Watches with Tritium tubes often have a radioactivity warning sign on the dial for extra drama, and even some timepieces which pay tribute to watches from the era of the Tritium based paint, have the little ’T’ in a circle logo on the dial, just for kicks.

So with Tritium being radioactive and no longer available as paint, the watch industry has turned its focus onto other solutions.

The leader of the market is Super-LumiNova. Often referred to as Luminova is a strontium aluminate–based, non-radioactive and nontoxic photo-luminescent (afterglow pigments in plain English). 

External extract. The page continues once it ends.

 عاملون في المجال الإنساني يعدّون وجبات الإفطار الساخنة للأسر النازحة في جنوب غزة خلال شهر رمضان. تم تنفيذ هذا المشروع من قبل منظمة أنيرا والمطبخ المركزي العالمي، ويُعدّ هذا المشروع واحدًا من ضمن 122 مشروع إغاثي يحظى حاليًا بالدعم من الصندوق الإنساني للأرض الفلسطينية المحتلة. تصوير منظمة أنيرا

Luminova was first invented in 1993 in by the Japanese company Nemoto & Co., and in 1998 a joint venture between Nemoto and RC-Tritec AG led to the creation of LumiNova AG Switzerland, with a view to supply the Swiss watch industry. 

Being easier to manage than Tritium, cheaper to source and less dangerous, Luminova has almost entirely taken over the market. You don’t have to encapsulate Luminova to shield the radiation, and its ability to recharge after a period of darkness doesn’t wear off, so it doesn’t age like Tritium does. Its only enemy is water, and with time Luminova parts on a watch exposed to water - typically the bezel, will lose its effect eventually or just wash off.

To offer variation in colour and brightness Luminova is available in a number of different versions. From the ultra bright to the more subtle, giving watch companies the ability to integrate the lumen in the design of a watch dial.

Depending on the application, where something like a diver’s watch will favour as much brightness as possible, a more dressy watch will have less of a desire to light up the entire room it is in. The Enoksen range of watches is making good use of Luminova. From the lushness of the Deep Dive to the discrete lumen of the Fly E03/D, the different ranges have different levels of brightness.


The image shows a number of watches from our catalogue, starting with the Deep Dive, the Dive and the Drive. These three models have the ultra bright C3 Luminova which appears to be plain white in broad daylight, but immediately turns light green in the darkness. Next model is the Fly E03/E which has BG W9 Luminova which is a tad more discrete - still plain white in daylight but with a hint of light blue in darkness. After that comes the Fly E03/D chronograph with its Light Orange, almost parchment daytime colour. It has a very subtle lumen in direct comparison with both C3 and BG W9. Finally, to the far right is a prototype we are currently working on. It is shown here because it has Tritium tubes and offers a very good impression of how Tritium performs next to different Luminova based dials. Less bright but constant and reliable.